## What to work on
Transcribe word for word the lines below from the line with "Ohio Gov. Mike" through the line with "Eye Therapy Patch", ends included.

[Dataset records]
□ □ □ □
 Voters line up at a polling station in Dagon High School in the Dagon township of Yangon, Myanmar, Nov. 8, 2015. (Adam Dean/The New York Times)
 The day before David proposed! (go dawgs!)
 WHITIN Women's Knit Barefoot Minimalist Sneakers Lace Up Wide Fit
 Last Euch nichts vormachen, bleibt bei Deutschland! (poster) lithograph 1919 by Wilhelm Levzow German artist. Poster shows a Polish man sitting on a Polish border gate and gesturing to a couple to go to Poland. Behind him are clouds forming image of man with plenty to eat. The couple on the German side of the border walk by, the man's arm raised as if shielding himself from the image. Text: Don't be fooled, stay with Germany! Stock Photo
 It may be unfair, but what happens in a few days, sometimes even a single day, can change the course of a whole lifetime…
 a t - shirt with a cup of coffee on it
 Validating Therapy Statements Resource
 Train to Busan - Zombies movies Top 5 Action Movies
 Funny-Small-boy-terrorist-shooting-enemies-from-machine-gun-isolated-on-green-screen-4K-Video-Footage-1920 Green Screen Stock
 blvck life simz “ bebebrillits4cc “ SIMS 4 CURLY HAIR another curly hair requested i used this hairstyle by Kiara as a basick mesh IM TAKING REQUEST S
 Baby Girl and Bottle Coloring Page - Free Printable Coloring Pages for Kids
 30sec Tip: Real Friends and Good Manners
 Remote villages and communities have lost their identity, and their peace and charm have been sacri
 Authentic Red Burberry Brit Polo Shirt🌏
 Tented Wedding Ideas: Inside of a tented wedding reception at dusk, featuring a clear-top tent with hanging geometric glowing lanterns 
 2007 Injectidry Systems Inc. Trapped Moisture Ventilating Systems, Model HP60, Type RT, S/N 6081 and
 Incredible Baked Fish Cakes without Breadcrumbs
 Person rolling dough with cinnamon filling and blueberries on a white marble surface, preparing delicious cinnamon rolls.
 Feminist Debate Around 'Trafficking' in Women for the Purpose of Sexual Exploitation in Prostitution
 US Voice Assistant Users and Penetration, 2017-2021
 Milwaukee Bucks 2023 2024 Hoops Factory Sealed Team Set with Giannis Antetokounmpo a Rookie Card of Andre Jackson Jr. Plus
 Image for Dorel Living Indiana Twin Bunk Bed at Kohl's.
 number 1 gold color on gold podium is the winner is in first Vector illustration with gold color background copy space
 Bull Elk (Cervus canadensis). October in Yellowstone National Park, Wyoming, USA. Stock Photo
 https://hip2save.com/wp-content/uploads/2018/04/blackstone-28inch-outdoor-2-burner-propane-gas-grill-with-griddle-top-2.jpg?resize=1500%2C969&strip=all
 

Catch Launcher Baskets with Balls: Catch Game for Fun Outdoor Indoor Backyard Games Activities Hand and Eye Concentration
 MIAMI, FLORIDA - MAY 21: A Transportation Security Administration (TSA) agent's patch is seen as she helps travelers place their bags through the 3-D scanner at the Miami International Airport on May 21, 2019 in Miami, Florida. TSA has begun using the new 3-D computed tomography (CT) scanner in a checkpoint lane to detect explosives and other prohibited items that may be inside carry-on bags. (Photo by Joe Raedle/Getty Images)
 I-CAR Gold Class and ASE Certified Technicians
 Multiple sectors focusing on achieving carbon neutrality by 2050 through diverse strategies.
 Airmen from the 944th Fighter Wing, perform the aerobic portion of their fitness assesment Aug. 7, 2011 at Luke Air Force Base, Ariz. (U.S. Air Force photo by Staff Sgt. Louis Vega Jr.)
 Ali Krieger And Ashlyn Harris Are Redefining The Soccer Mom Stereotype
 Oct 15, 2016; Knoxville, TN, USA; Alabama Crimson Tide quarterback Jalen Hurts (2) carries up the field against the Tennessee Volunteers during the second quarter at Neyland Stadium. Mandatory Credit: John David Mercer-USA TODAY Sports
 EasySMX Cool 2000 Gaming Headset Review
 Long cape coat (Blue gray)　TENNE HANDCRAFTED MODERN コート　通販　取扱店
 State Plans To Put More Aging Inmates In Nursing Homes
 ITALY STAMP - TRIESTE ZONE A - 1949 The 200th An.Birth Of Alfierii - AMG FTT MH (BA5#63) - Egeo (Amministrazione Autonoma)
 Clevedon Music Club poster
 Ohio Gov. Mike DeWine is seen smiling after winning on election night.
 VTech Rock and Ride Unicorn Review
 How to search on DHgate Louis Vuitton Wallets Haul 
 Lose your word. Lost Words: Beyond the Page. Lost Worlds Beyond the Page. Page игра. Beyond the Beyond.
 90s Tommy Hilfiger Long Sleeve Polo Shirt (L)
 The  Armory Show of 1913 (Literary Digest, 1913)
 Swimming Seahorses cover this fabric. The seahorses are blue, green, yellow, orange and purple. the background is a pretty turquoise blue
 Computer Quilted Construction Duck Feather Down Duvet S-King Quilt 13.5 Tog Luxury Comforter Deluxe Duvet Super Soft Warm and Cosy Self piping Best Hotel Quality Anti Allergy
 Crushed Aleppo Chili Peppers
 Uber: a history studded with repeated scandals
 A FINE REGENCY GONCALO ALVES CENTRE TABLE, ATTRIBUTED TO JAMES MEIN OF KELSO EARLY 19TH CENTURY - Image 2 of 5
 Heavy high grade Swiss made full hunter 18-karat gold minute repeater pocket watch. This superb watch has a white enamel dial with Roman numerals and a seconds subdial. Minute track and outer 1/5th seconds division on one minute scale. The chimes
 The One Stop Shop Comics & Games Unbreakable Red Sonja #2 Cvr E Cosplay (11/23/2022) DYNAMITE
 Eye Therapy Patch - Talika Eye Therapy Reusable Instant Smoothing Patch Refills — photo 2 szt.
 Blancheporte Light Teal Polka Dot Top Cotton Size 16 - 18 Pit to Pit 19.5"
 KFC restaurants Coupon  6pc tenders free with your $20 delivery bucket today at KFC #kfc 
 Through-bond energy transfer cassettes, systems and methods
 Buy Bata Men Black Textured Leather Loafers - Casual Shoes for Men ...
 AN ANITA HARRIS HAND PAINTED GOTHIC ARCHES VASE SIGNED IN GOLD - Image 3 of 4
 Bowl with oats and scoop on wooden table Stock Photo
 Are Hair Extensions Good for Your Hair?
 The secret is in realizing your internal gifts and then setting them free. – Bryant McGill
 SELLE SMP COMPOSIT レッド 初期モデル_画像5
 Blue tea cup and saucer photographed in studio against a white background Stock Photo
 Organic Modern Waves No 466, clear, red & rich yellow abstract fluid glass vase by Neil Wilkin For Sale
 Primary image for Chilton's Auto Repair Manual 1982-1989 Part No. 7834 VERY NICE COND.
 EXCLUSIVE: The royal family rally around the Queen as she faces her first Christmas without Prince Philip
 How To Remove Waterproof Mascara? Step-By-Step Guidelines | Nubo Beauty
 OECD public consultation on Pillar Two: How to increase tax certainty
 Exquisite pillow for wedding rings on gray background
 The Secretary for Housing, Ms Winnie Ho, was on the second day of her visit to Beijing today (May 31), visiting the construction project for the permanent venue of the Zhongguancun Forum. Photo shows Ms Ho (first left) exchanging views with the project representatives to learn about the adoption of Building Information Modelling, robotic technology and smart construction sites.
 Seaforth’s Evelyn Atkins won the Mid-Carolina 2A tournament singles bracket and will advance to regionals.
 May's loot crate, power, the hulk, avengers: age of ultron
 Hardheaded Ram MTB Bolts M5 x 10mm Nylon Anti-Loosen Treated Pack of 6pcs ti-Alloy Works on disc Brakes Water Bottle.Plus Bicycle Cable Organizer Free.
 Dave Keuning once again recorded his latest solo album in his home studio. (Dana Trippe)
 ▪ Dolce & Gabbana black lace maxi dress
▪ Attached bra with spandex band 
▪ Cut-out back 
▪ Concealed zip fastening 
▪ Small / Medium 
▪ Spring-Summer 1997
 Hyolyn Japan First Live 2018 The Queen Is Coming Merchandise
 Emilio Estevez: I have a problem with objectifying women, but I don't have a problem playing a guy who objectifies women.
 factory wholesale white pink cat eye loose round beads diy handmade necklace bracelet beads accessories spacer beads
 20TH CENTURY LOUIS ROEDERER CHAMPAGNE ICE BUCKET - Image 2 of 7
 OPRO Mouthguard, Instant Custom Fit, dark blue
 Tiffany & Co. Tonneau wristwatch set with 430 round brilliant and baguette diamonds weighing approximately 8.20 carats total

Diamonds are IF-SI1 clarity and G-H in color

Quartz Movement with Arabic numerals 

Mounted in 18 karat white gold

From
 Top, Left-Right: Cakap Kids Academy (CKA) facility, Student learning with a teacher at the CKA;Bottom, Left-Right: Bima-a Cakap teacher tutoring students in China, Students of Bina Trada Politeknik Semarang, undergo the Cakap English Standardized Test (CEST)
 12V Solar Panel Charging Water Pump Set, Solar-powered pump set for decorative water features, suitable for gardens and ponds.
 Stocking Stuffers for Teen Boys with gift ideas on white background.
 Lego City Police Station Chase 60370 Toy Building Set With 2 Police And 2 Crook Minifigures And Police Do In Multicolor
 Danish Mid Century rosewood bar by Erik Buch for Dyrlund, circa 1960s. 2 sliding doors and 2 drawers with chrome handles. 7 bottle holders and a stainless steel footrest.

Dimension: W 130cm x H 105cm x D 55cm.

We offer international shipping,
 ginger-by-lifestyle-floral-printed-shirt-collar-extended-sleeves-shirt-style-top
□ □ □ □
## Answer section
 Ohio Gov. Mike DeWine is seen smiling after winning on election night.
 VTech Rock and Ride Unicorn Review
 How to search on DHgate Louis Vuitton Wallets Haul 
 Lose your word. Lost Words: Beyond the Page. Lost Worlds Beyond the Page. Page игра. Beyond the Beyond.
 90s Tommy Hilfiger Long Sleeve Polo Shirt (L)
 The  Armory Show of 1913 (Literary Digest, 1913)
 Swimming Seahorses cover this fabric. The seahorses are blue, green, yellow, orange and purple. the background is a pretty turquoise blue
 Computer Quilted Construction Duck Feather Down Duvet S-King Quilt 13.5 Tog Luxury Comforter Deluxe Duvet Super Soft Warm and Cosy Self piping Best Hotel Quality Anti Allergy
 Crushed Aleppo Chili Peppers
 Uber: a history studded with repeated scandals
 A FINE REGENCY GONCALO ALVES CENTRE TABLE, ATTRIBUTED TO JAMES MEIN OF KELSO EARLY 19TH CENTURY - Image 2 of 5
 Heavy high grade Swiss made full hunter 18-karat gold minute repeater pocket watch. This superb watch has a white enamel dial with Roman numerals and a seconds subdial. Minute track and outer 1/5th seconds division on one minute scale. The chimes
 The One Stop Shop Comics & Games Unbreakable Red Sonja #2 Cvr E Cosplay (11/23/2022) DYNAMITE
 Eye Therapy Patch - Talika Eye Therapy Reusable Instant Smoothing Patch Refills — photo 2 szt.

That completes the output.